We tend to talk about attraction to people, not the ideas of people. Does an attraction to the idea of a person necessarily go along with attraction to people who have a close enough match to that idea? Well, if I look at the allosexuals I know, one of them regularly draws fictional characters that meet his ideal for sexual attraction, and another has told me about her adolescent fantasies about an eventual romantic partner she would someday meet. So it seems that, like parental attraction has in my experience, romantic and sexual attraction often include fantasizing about a person who will meet the ideal for your attraction.

So, in conclusion, parental attraction seems to be a form of attraction. It's felt by people who want and dream of having a child, and by people who find themselves overwhelmed with the desire to parent a child they've met. It's also felt by many pet owners towards their pets, since pets are often a psychological surrogate for children.

2 Comments:

Blogger sildarmillion said...

Wow, thank you for sharing this! And congratulations on conceiving!

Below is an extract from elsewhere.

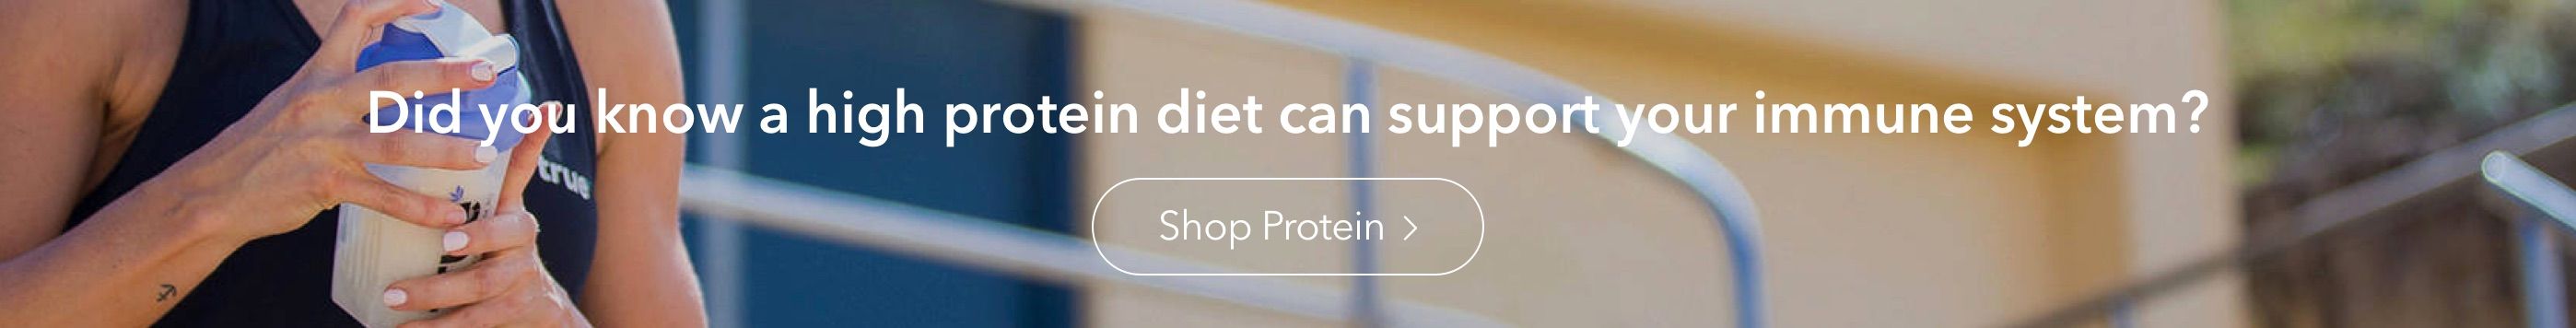 High Protein Diet Banner
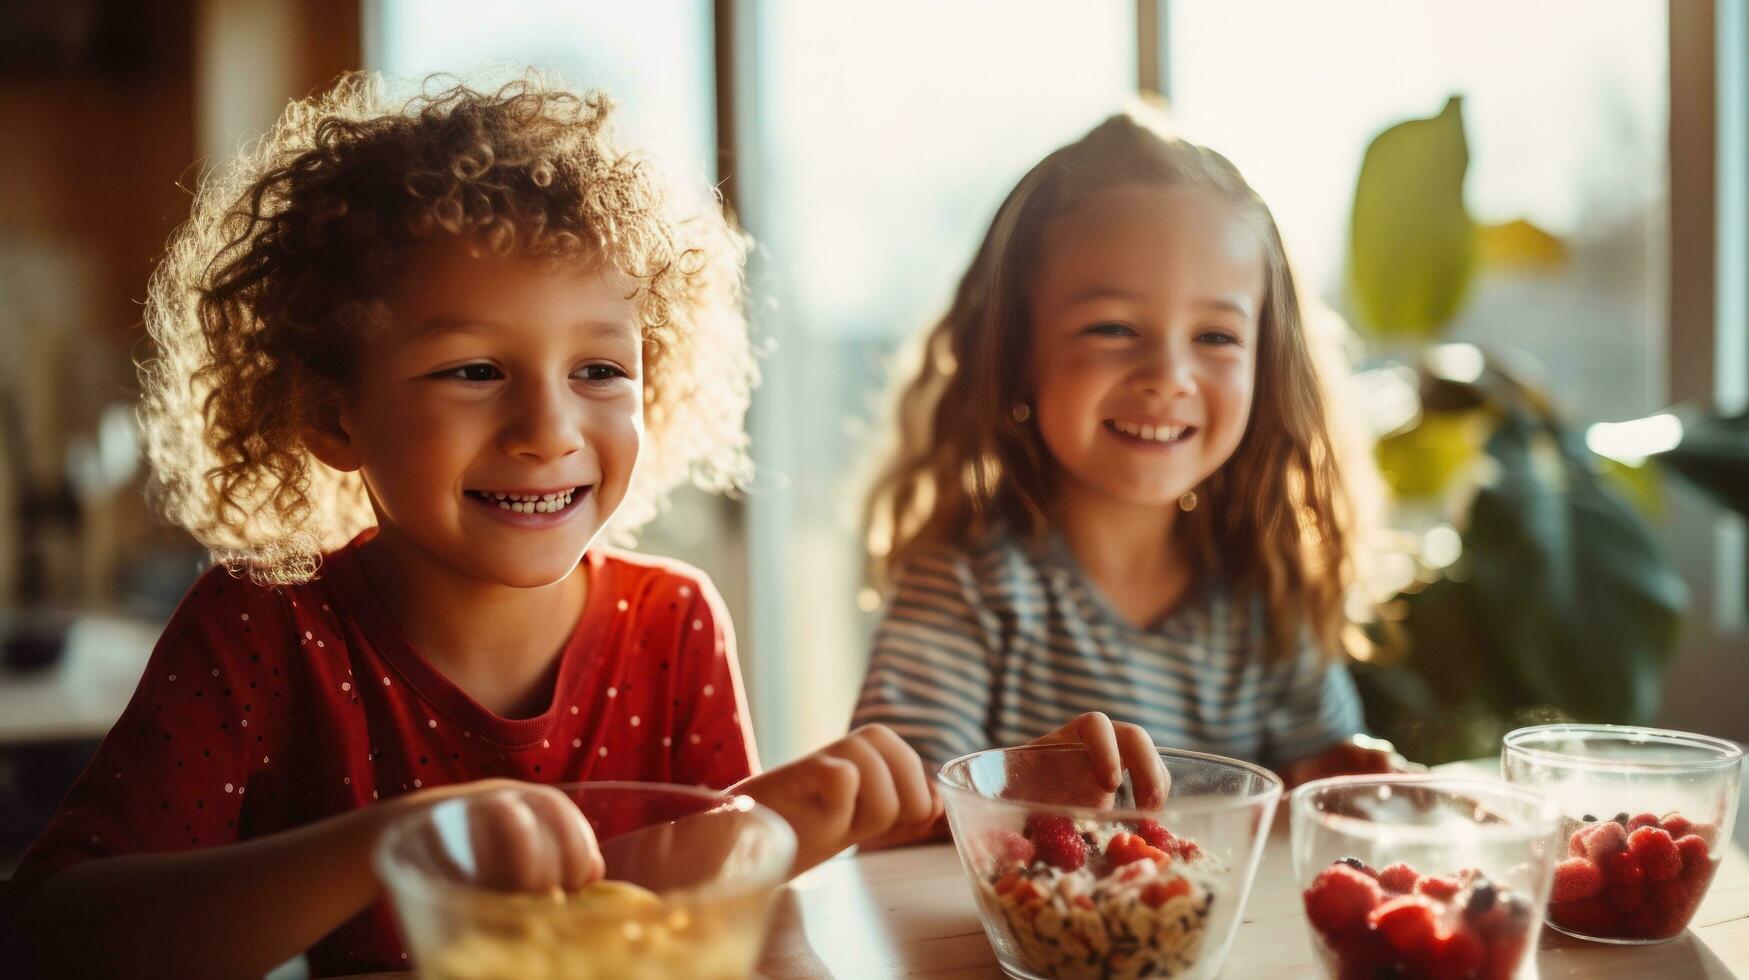 een kind lachend naast een kom van ontbijtgranen foto

I wish you the best with your pregnancy, and if you write more about it, I definitely want read more, because tbh, this is something I've been thinking about a lot recently (becoming a single mother via artificial insemination). Thank you for your contribution!

3:00 PM  
Blogger Emily (VioletEmerald) said...

Wow I love how interesting this is as a way to explore that some people feel the drive to become parents and others don't in this kind of context with "attraction" language... and knowing what kind of thing "would be attractive" before it's even in your life... hmmm... you're certainly making me think!

And yes, congratulations on your pregnancy! That's exciting to hear that it's happening for you after knowing you've wanted this for quite a while.